Delirium poses significant risks to patients, but countermeasures can be taken to mitigate negative outcomes. Accurately forecasting delirium in ICU patients could guide proactive intervention. Our primary objective was to predict ICU delirium by applying machine learning to clinical and physiological data routinely collected in electronic health records.


Two prediction models were trained and tested using a multi-center database (years of data collection 2014-15), and externally validated on two single-center databases (2001-2012 and 2008-2019). The primary outcome variable was delirium defined as a positive Confusion Assessment Method for the ICU screen, or an Intensive Care Delirium Screening Checklist ≥4. The first model, named “24-hour model”, used data from the 24 hours following ICU admission to predict delirium any time afterwards. The second model designated “dynamic model”, predicted the onset of delirium up to 12 hours in advance. Model performance was compared to results using features from a widely-cited reference model.

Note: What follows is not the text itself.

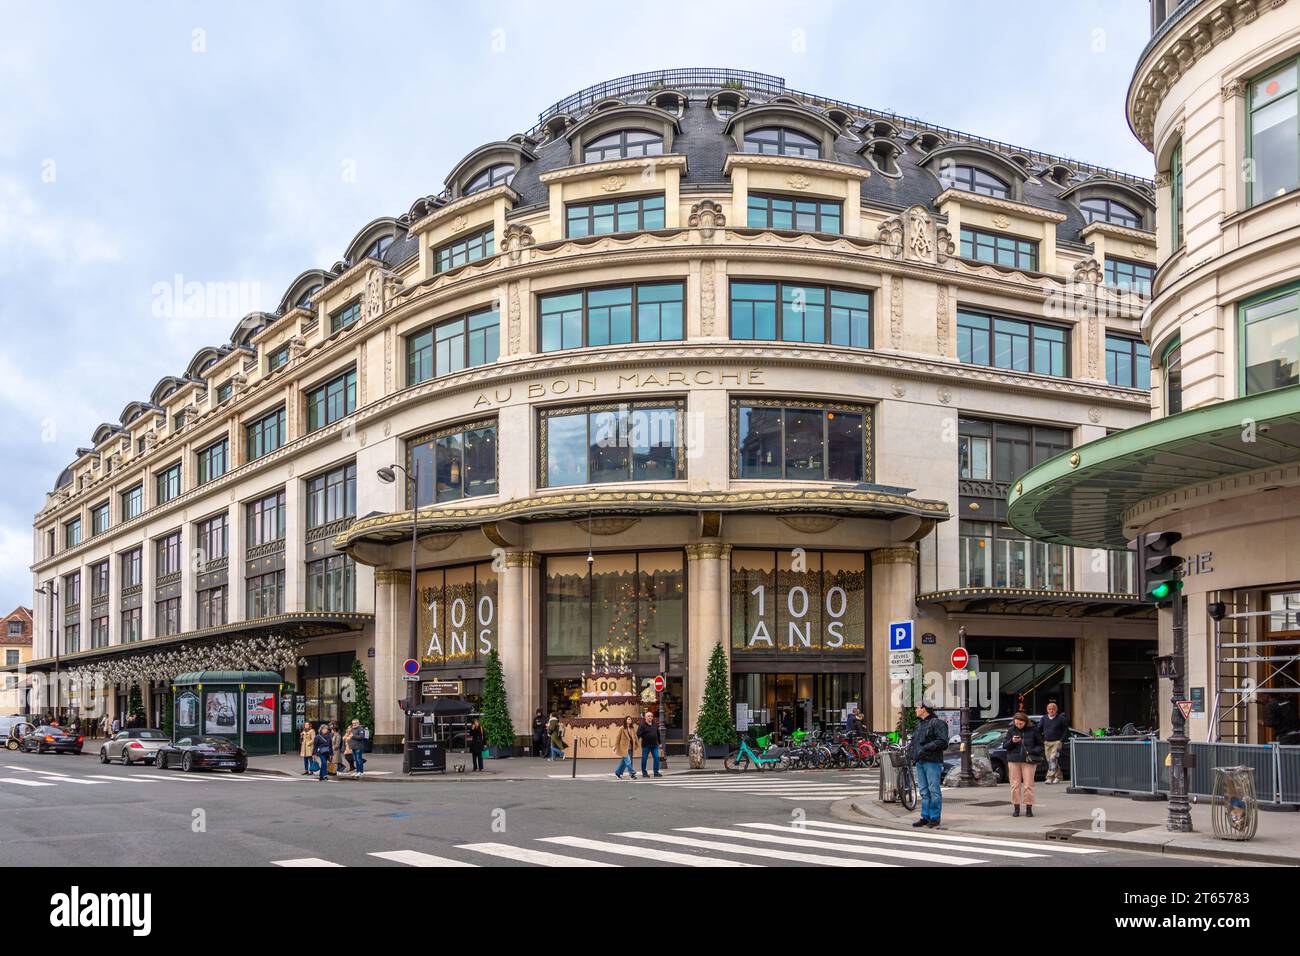 Vue extérieure du bon marché. Le bon marché, anciennement appelé « au bon marché », est un grand magasin français situé dans le 7e arrondissement de Paris Banque D'Images

For the 24-hour model, delirium was identified in 2,536/18,305 (13.9%), 768/5,299 (14.5%), and 5,955/36,194 (11.9%) of patient stays respectively in the development sample and two validation samples. For the 12-hour lead time dynamic model, delirium was identified in 3,791/22,234 (17.0%), 994/6,166 (16.1%), and 5,955/28,440 (20.9%) patient stays, respectively. Mean AUC (95% CI) for the first 24-hour model was 0.785 (0.769, 0.801), significantly higher than the modified reference model with AUC of 0.730 (0.704, 0.757). The dynamic model had a mean AUC of 0.845 (0.831, 0.859) when predicting delirium 12 hours in advance. Calibration was similar in both models (mean Brier Score [95% CI] 0.102 [0.097, 0.108] and 0.111 [0.106, 0.116]). Model discrimination and calibration were maintained when tested on the validation datasets.


Machine learning models trained with clinical and physiological data predict ICU delirium and support dynamic time-sensitive forecasting.